- _WHAT IS BEING ASKED_
Down to the last line, set down the material below exactly, excluding pictures.

- _DATA EXCERPT_

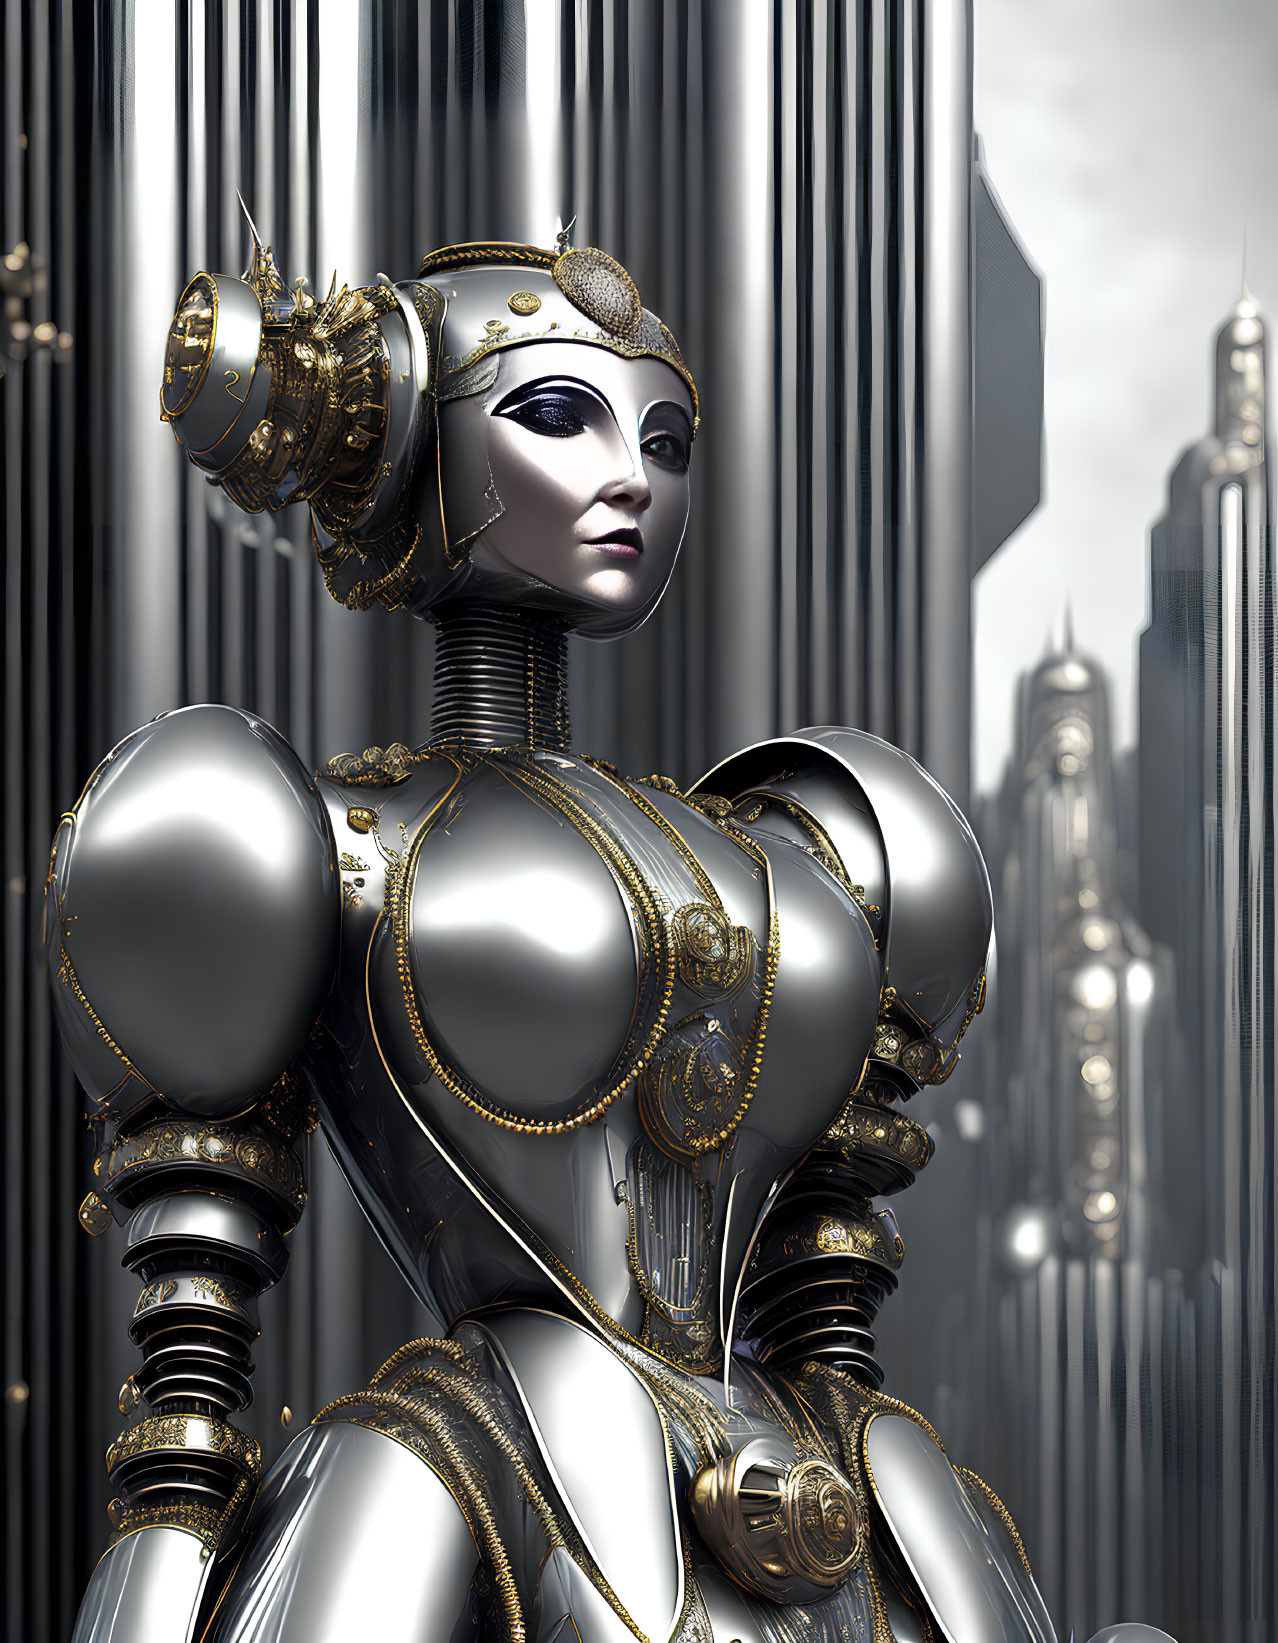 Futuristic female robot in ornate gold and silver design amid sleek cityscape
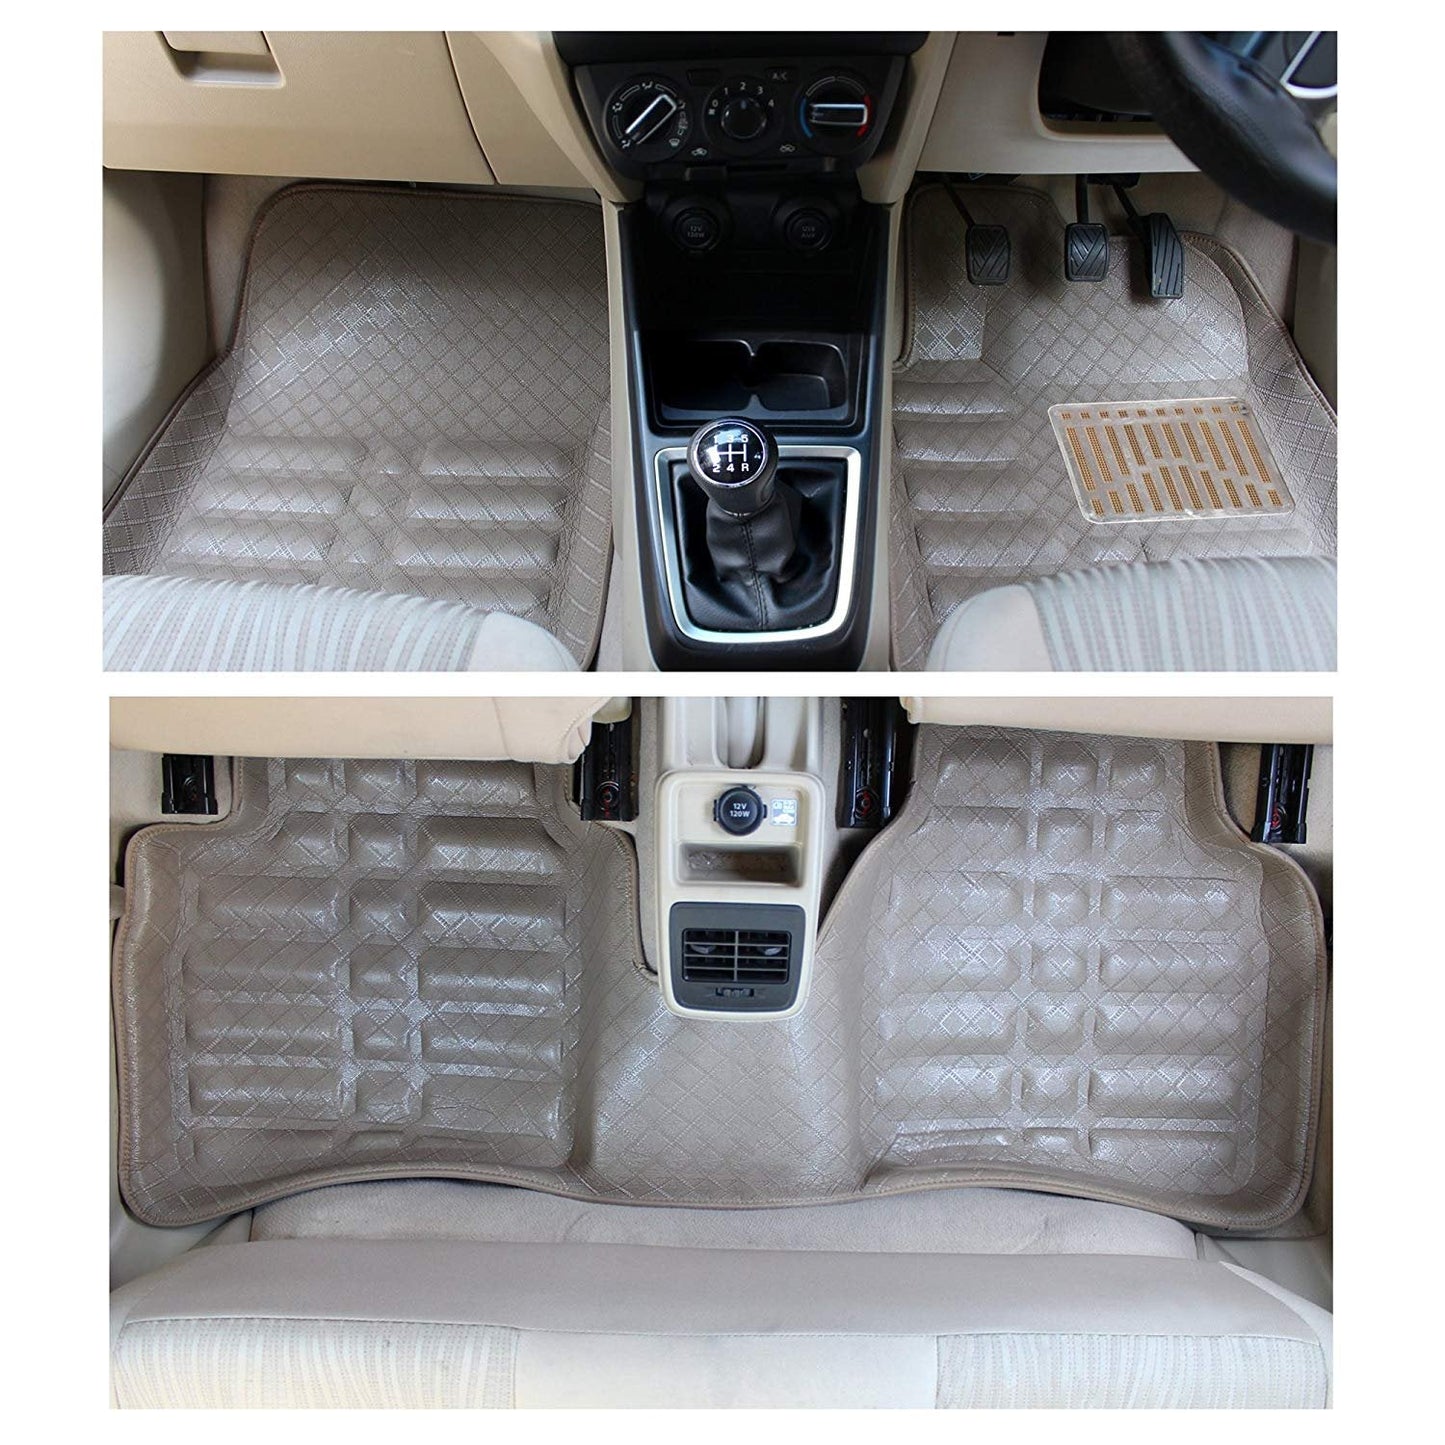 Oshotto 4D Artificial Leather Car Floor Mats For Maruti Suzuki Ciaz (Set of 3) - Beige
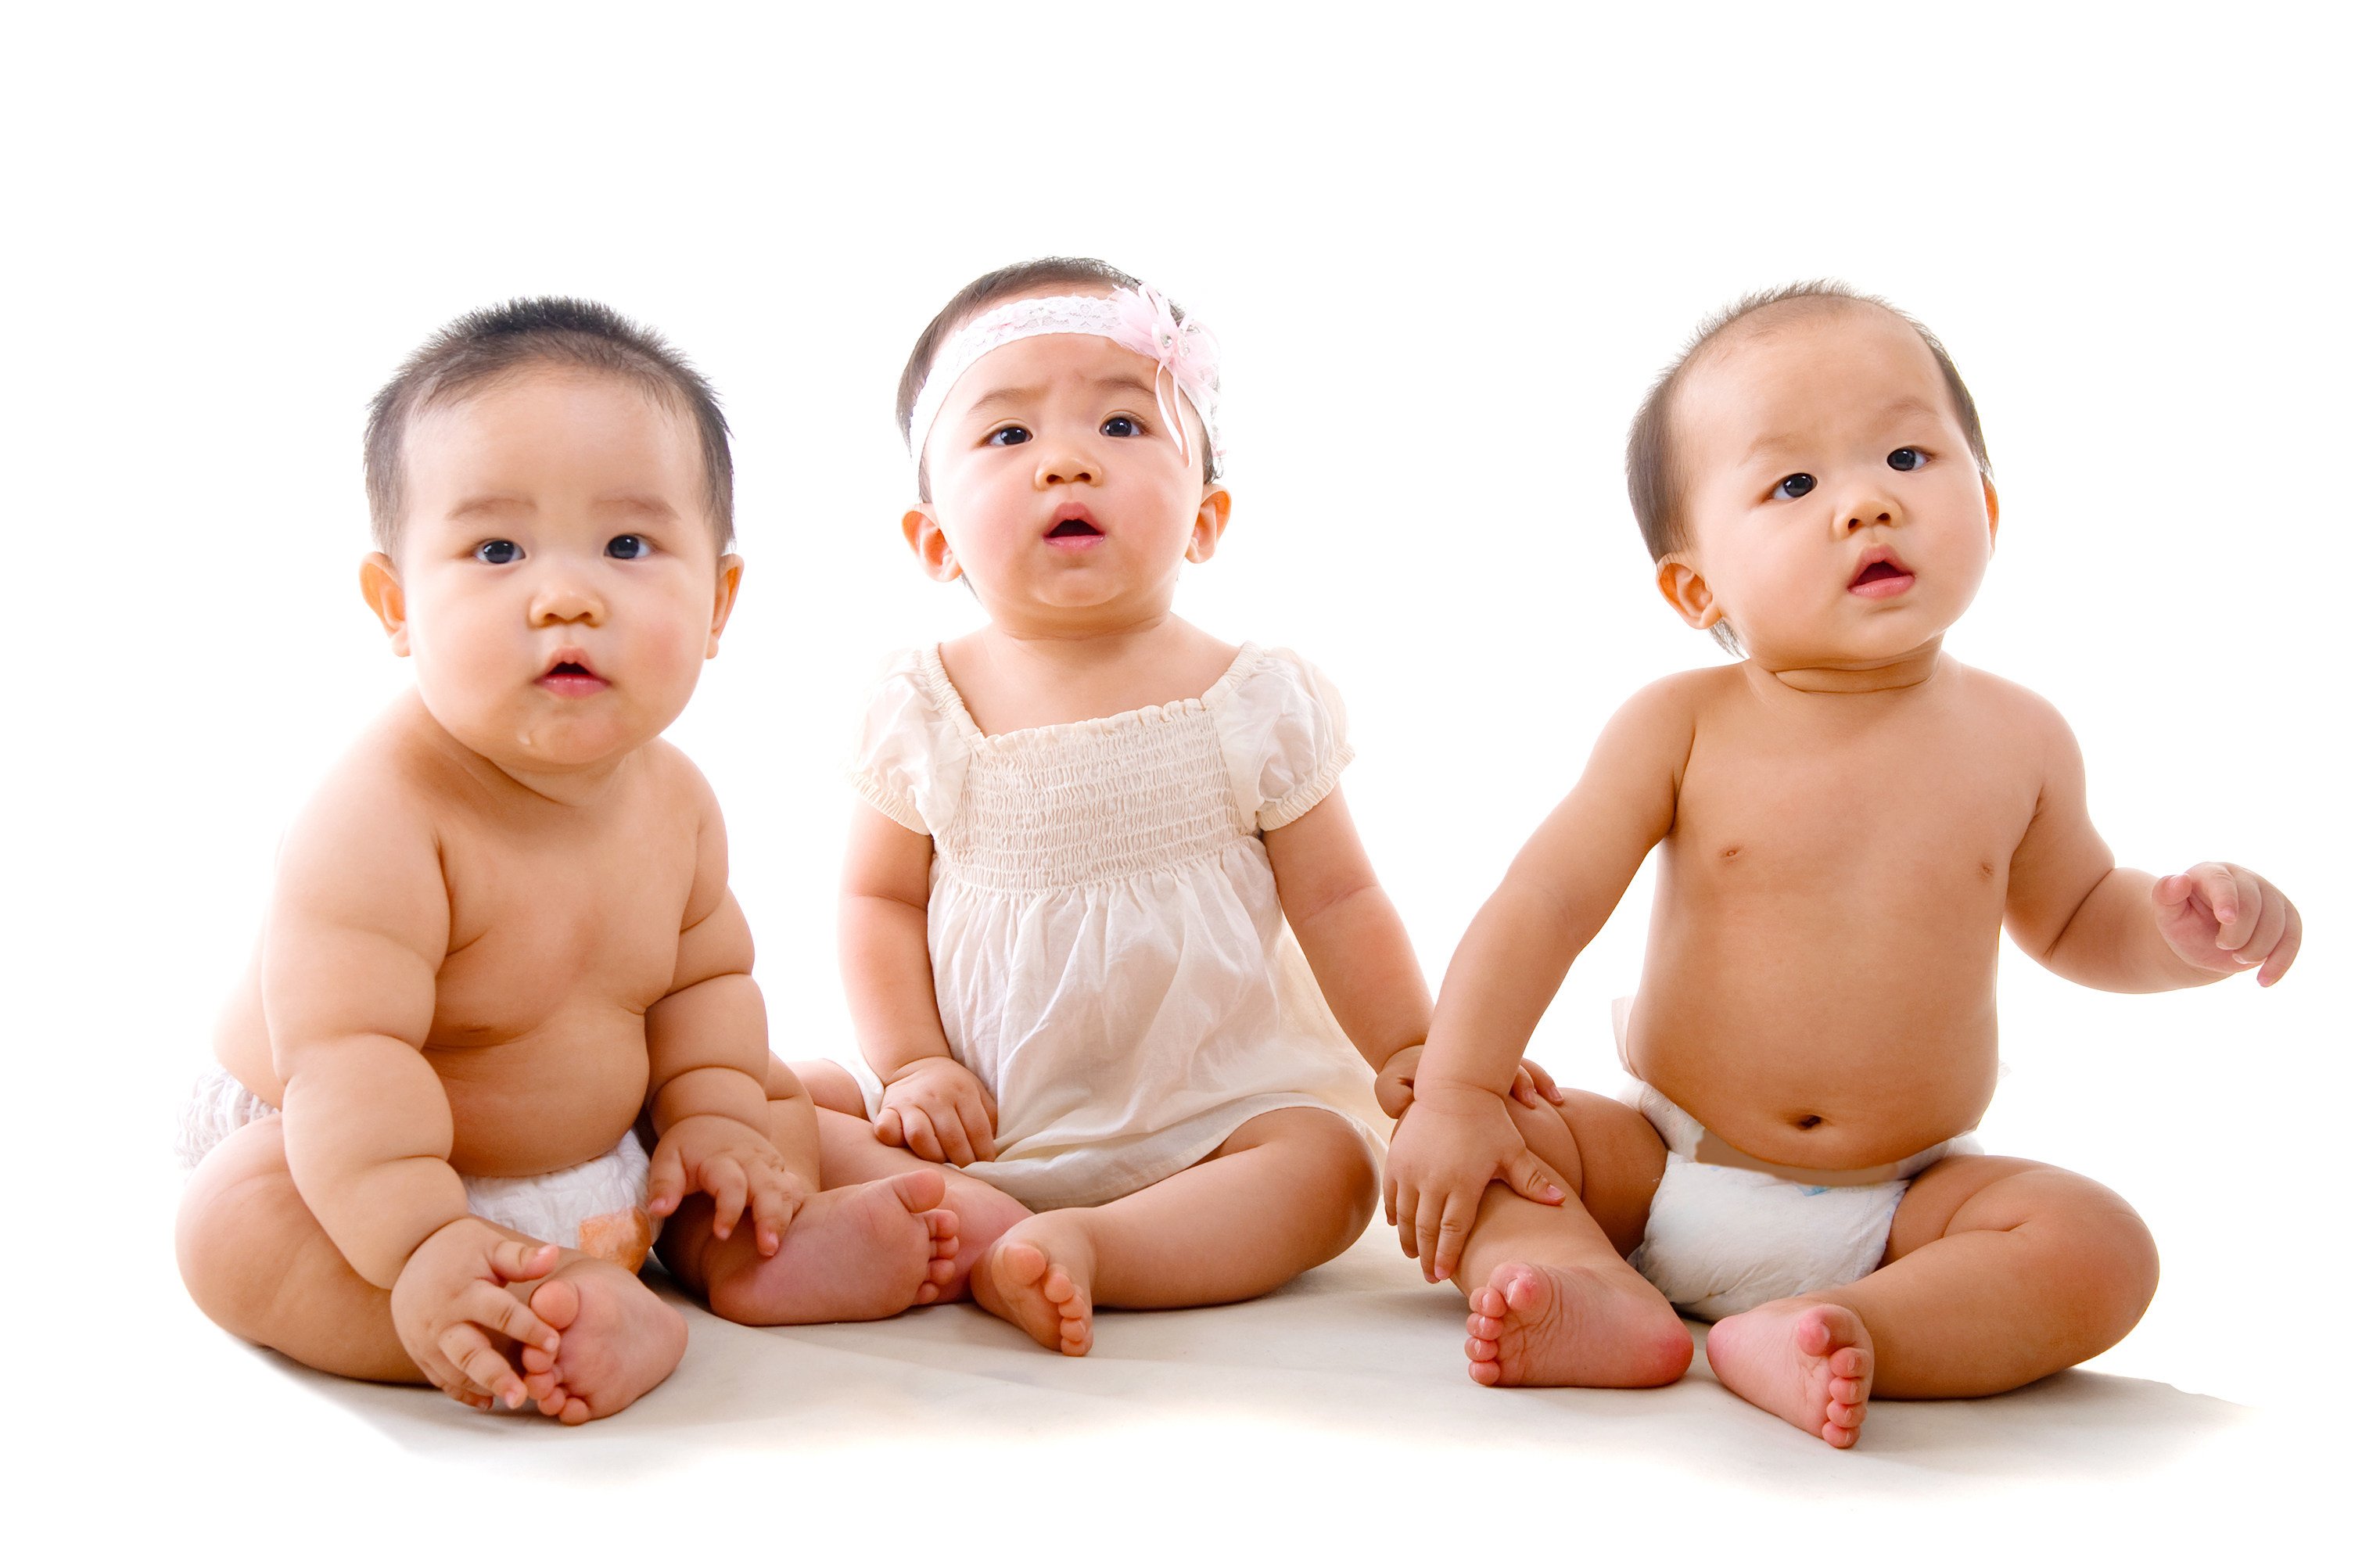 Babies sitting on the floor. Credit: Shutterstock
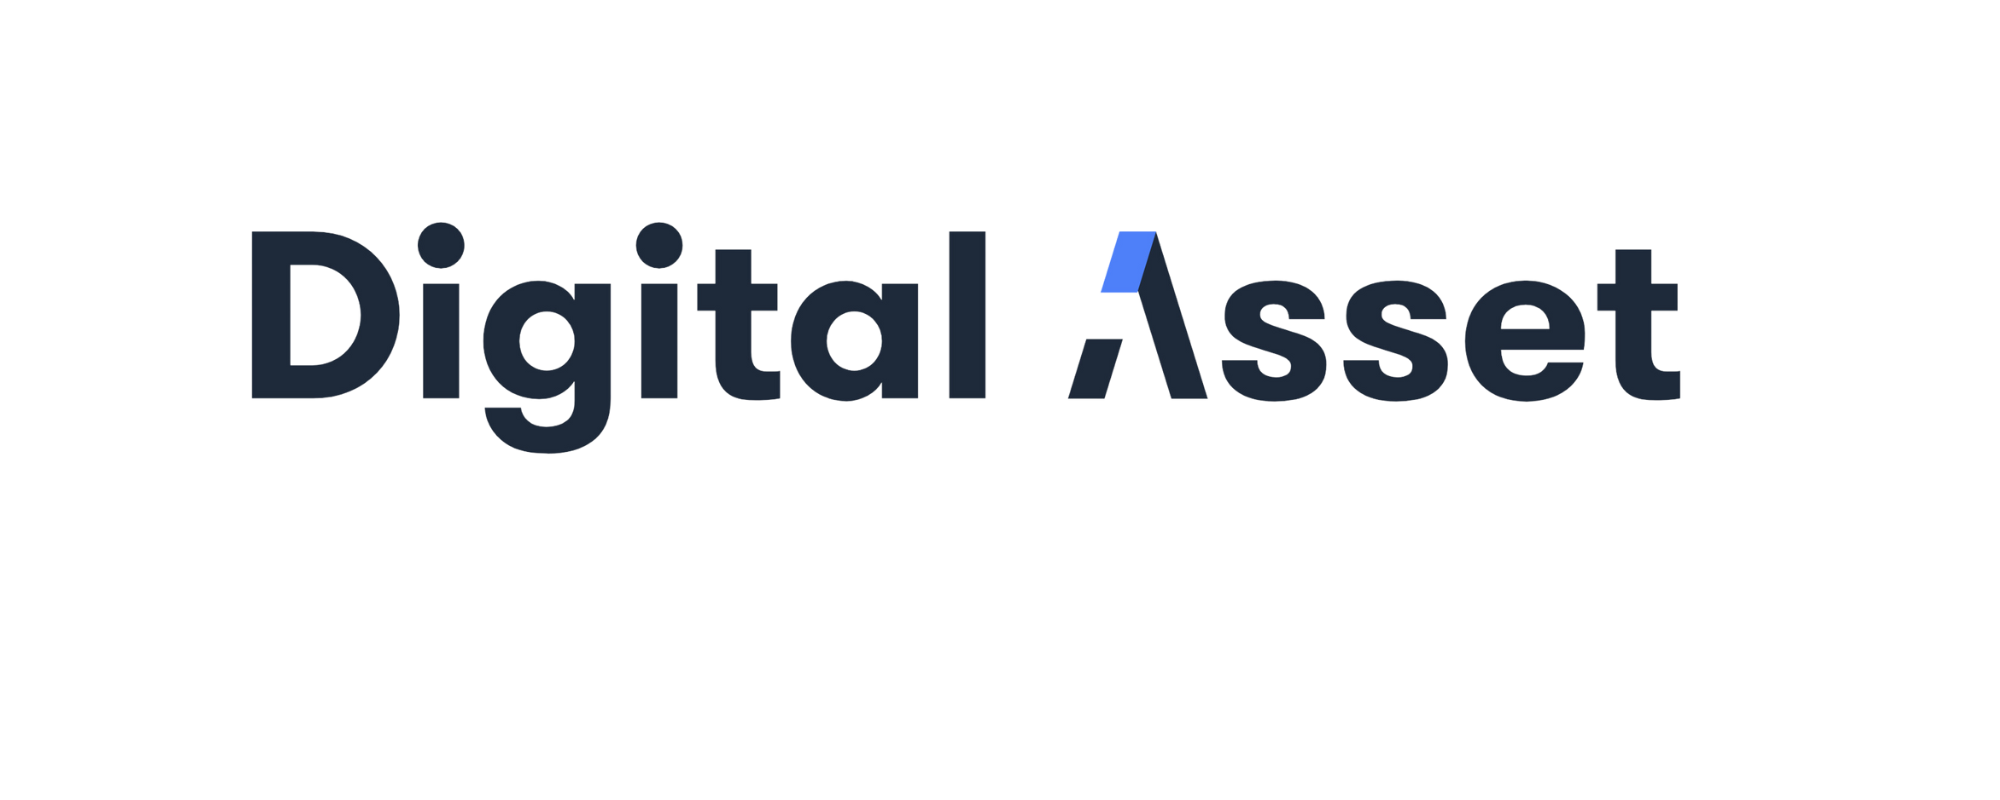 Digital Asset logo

- _ANSWER_
 Futuristic female robot in ornate gold and silver design amid sleek cityscape
 Oshotto 4D Artificial Leather Car Floor Mats For Maruti Suzuki Ciaz (Set of 3) - Beige
 Babies sitting on the floor. Credit: Shutterstock
 Digital Asset logo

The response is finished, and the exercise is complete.